Another syntax oddity (not mentioned here) that breaks most highlighters: In Java, unicode escapes can be anywhere, not just in strings. For example, the following is a valid class:
class Foo\u007b}
and this assert will not trigger:
assert
// String literals can have unicode escapes like \u000A!
"Hello World".equals("\u00E4");
I also argue that failing to syntax highlight this correctly is a security issue. You can terminate block comments with Unicode escapes, so if you wanted to hide some malicious code in a Java source file, you just need an excuse for there to be a block of Unicode escapes in a comment. A dev who doesn’t know about this quirk is likely to just skip over it, assuming it’s commented out.
I once wrote a puzzle using this, which (fortunately) doesn't work any more, but would do interesting things on older JDK versions: https://pastebin.com/raw/Bh81PwXY
InputCharacter:
UnicodeInputCharacter but not CR or LF
UnicodeInputCharacter is defined as the following in section 3.3:
UnicodeInputCharacter:
UnicodeEscape
RawInputCharacter
UnicodeEscape:
\ UnicodeMarker HexDigit HexDigit HexDigit HexDigit
UnicodeMarker:
u {u}
HexDigit:
(one of)
0 1 2 3 4 5 6 7 8 9 a b c d e f A B C D E F
RawInputCharacter:
any Unicode character
As a result the lexical analyser honours Unicode escape sequences absolutely anywhere in the program text.

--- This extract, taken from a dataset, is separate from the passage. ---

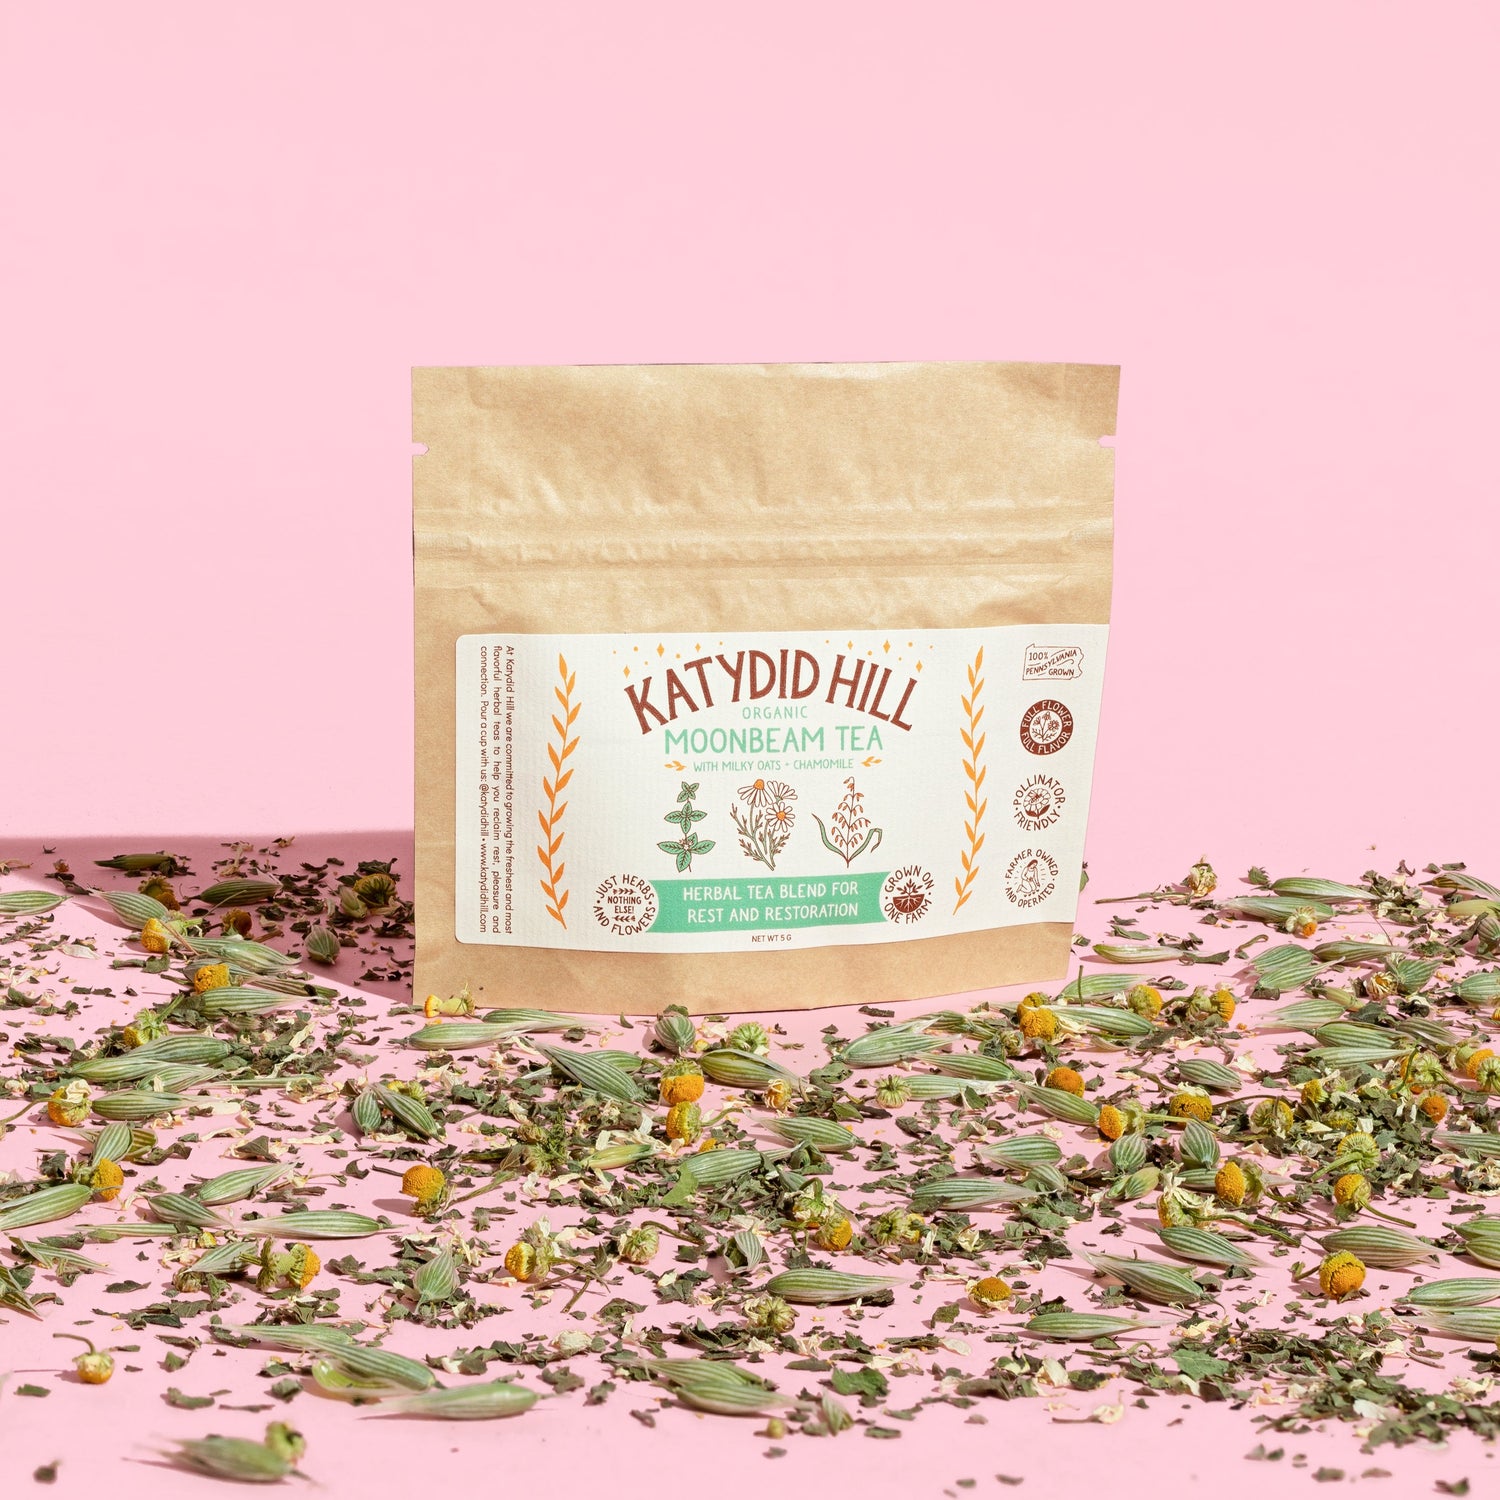 moonbeam tea sample pack with loose herbs on pink background

For example, this is a valid Java program:
public class Bar {
public static void \u006d\u0061\u0069\u006e(String[] args) {
System.out.println("hello, world");
}
}
Here is the output:
$ javac Bar.java && java Bar
hello, world
However, this is an incorrect Java program:
public class Baz {
// This comment contains \u6d.
public static void main(String[] args) {
System.out.println("hello, world");
}
}
Javac uses the platform encoding [0] by default to interpret Java source files. This means that Java source code files are inherently non-portable. When Java was first developed (and for a long time after), this was the default situation for any kind of plain text files. The escape sequence syntax allows to transform [1] Java source code into a portable (that is, ASCII-only) representation that is completely equivalent to the original, and also to convert it back to any platform encoding.
Source control clients could apply this automatically upon checkin/checkout, so that clients with different platform encodings can work together. Alternatively, IDEs could do this when saving/loading Java source files. That never quite caught on, and the general advice was to stick to ASCII, at least outside comments.
[0] Since JDK 18, the default encoding defaults to UTF-8. This probably also extends to javac, though I haven’t verified it.